Using a fine needle, each enlarged capillary is injected with a very small amount of an irritating solution. The next day the treated area looks like a bruise. Over the next couple of weeks the bruising disappears as the sclerosing solution irritates the thin walls of each injected spider vein, causing them to shrink, collapse and fade away. The multiple injections and search for each small venule can be never ending, and repeated injection therapies are often necessary for best results.

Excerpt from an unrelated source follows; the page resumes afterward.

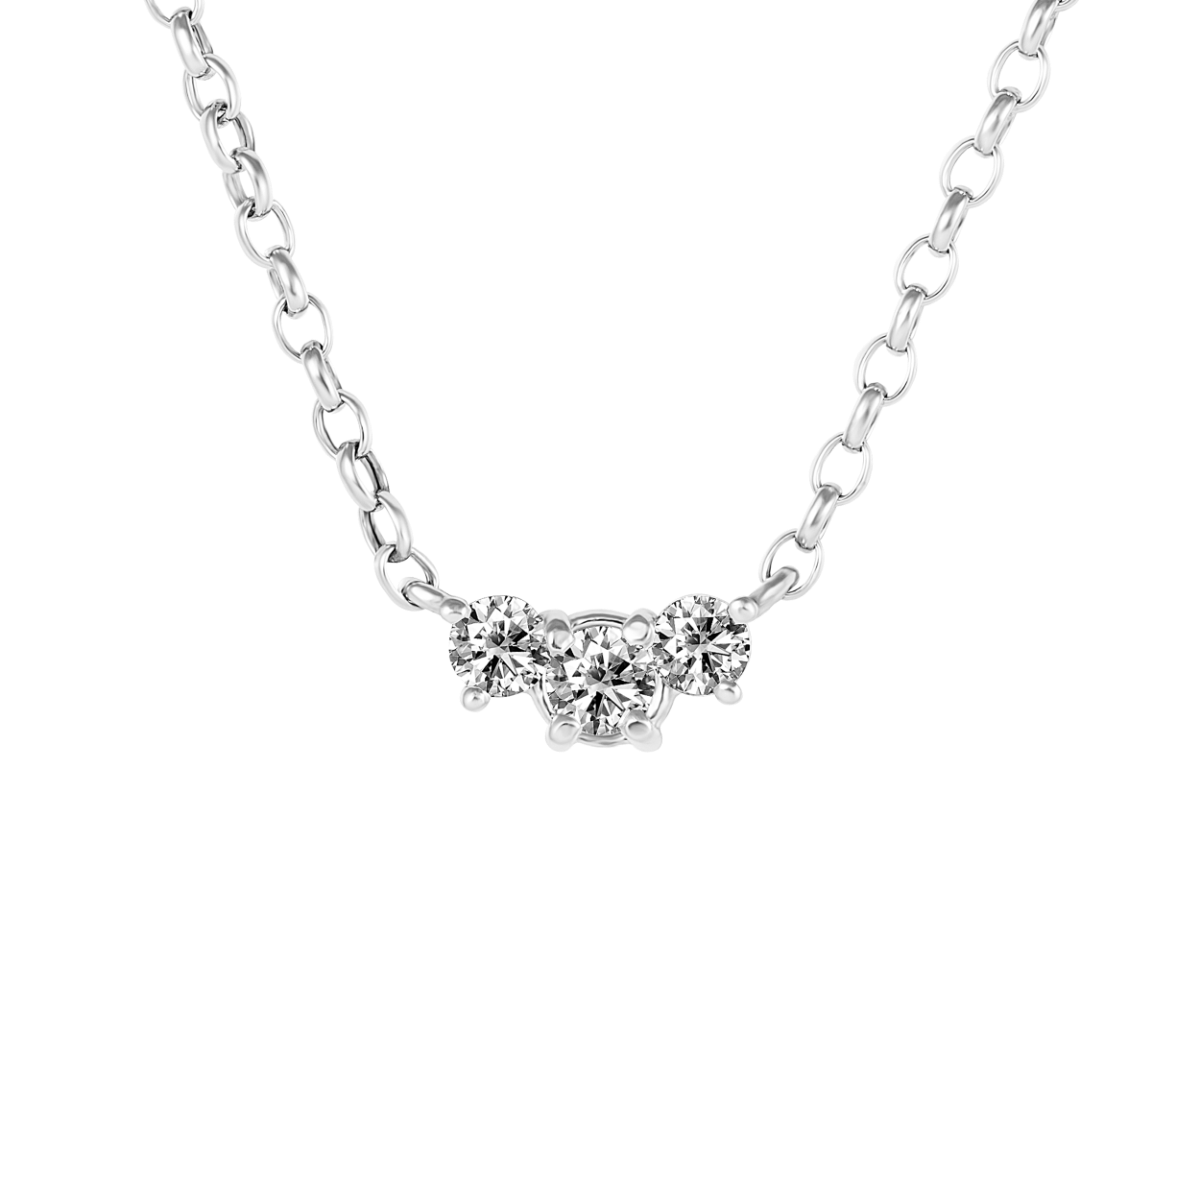 Colgante de diamantes TRILOGY
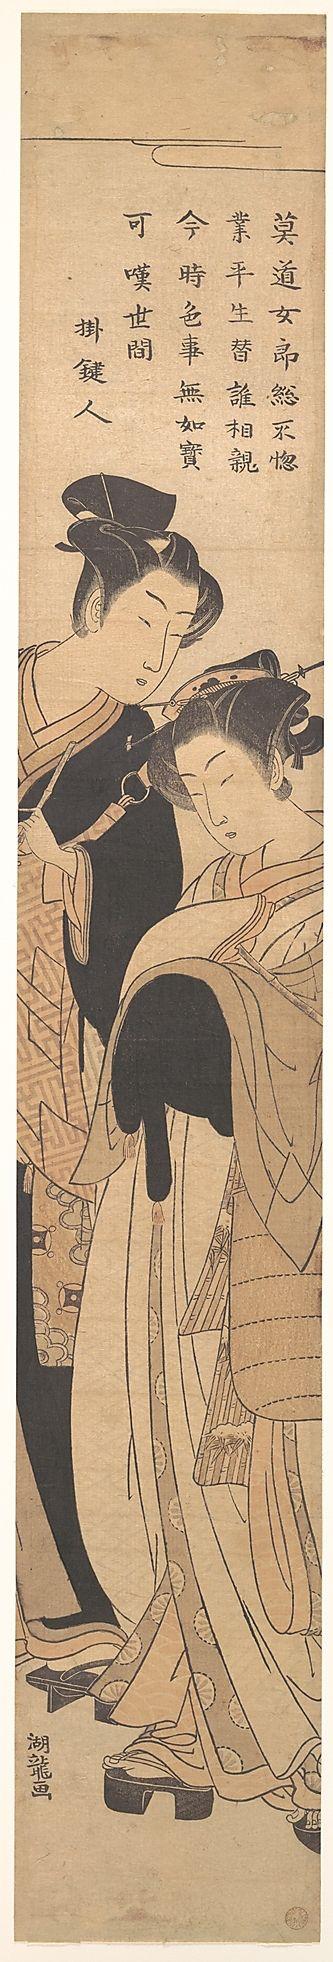 Isoda Koryūsai (Japanese, 1735–1790). Lovers, 1770. Edo period (1615-1868). Japan. The Metropolitan Museum of Art, New York. Rogers Fund, 1922 (JP1291)

Over the past decade, laser therapy and other pulsed radiofrequency treatments have become therapies of choice especially for spider veins on the face. Laser is a safe and effective way to make spider veins disappear without using needles. The laser treatments can cause an uncomfortable heat sensation, but the treatments usually only last 15 to 20 minutes or so. Several treatment sessions are typically needed depending on the size of the patch of spider veins under attack.
The pulsed energy of the laser “cooks” the red blood cells in the superficial capillaries causing the spider veins to fade. It is important to get these treatments from an experienced physician as other skin structures, including sweat glands, can be cooked in the process. Once a spider vein is destroyed, it won’t grow back, but over time new ones often appear, calling for followup treatments.
Varicose veins are the big, ugly stepsisters of spider veins, what with their bulging cord-like appearance. Unlike spider veins, varicose veins can cause medical problems from pooling of the blood in an area prone to skin irritation and ulcers. Laser therapy has revolutionized treatment of large varicose veins on the legs, but the laser tip needs to be actually threaded into the wall of the varicose vein. These varicose vein treatments are more complicated than the superficial lasering of spider veins.
“When I tan my legs they don’t show as much. I almost got them lasered a few years ago, but they told me it wouldn’t work if I got tanned and then something more important came up,” says Sexton. “I cover my face with sunblock as the last thing I need is those awful brown spots. Lying out in the sun may be dangerous, but they say you need more Vitamin D these days. If it’s not one thing, it’s another.”